Cherreads

Chapter 323 - 14

As soon as Alexandria left the room I deflated. I had to put on a strong face while dealing with her but now that I had a few moments to myself the weight of my failure in Vegas settled in.

I blocked out the cameras in the room with light, cast a spell so no one outside would hear me, and took off my mask, setting it down next to me.

I rested my face in my hands and I screamed to myself in a mixture of frustration and guilt. It was my fault! All of it! Because of me the Simurgh had escalated before we had even landed which means every single person who died or had to be quarantined was my responsibility. Their blood was on my hands. I'd killed them all, or worse.

I was supposed to be a goddess of fate, hope, knowledge, magic, and change and yet I'd doomed each and every last one of those people.

I was no goddess. I was just a stupid kid playing pretend! And my arrogance had cost who knew how many hundreds or thousands of people their lives.

You're wrong, you know…

"I'm not in the mood for this… Please, just shut up…" I muttered to Tzeentch, my voice hoarse and raw from my screaming.
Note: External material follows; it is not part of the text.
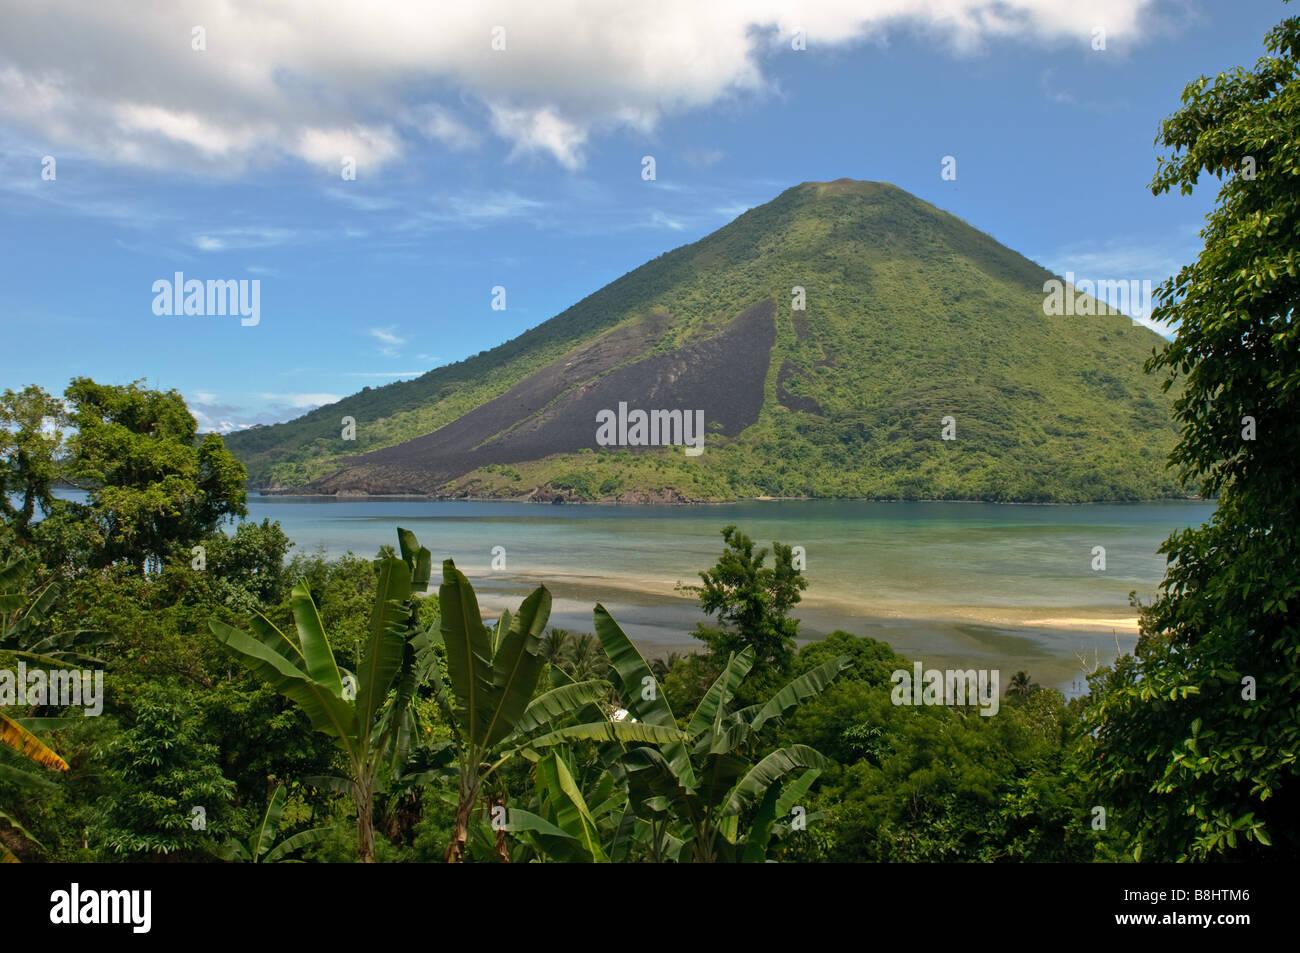 Gunung Api vulcano isole Banda Indonesia Immagini Stock

No. You are wrong and as your teacher, and the other half of your very being, I must correct you. So you will hear me… You are a goddess, dear child, but you cannot yet fully withstand your own power. Tragically…
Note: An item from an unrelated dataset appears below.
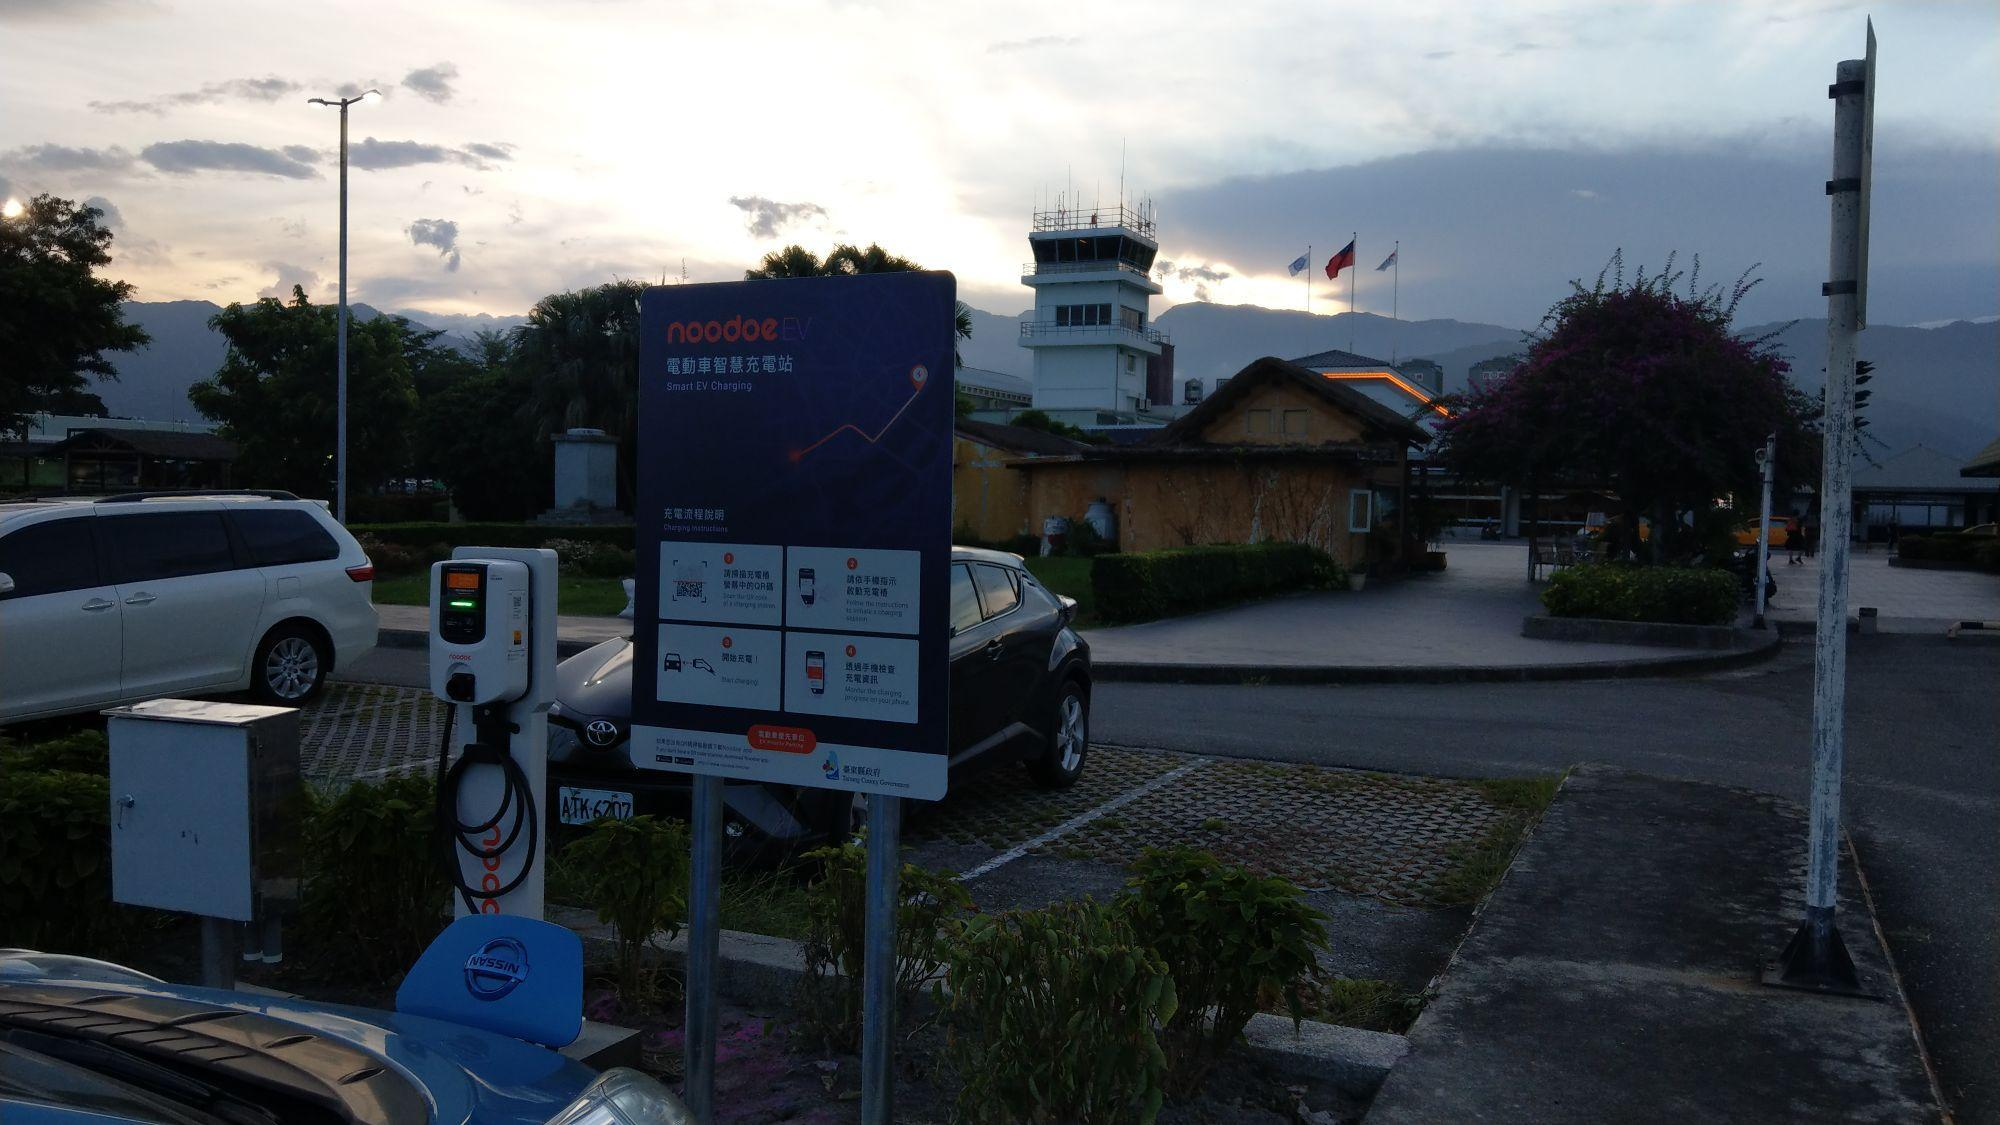 臺東機場停車場 | PlugShare

"If I can't use my power then I'm not a goddess. I'm just a human… A human who nearly went crazy when I tried to reach for more…" I unfurled my wings and spread them as far as I could in this room. "Like Icarus' wings melting when he flew too close to the sun." I let my wings go limp.

And that's my point. You are a goddess, it's only your mind that remains human. And what are we the God of, child?

"Knowledge…?" I said weakly, not caring enough to think about this too hard.

Yes, but knowledge is not the domain to which I was referring. Try again.

I sighed and let my hands fall away from my face, looking up at the roof. "Magic…? Change…?"

Change! Yes… We are the God of Change. As well as ambition… Would you like to know why you failed? You lacked the ambition to push yourself and change. You were content with growing slowly. Progressing at your own glacial pace because it was easy and comfortable… Certainly you have learned, but knowledge alone is not enough.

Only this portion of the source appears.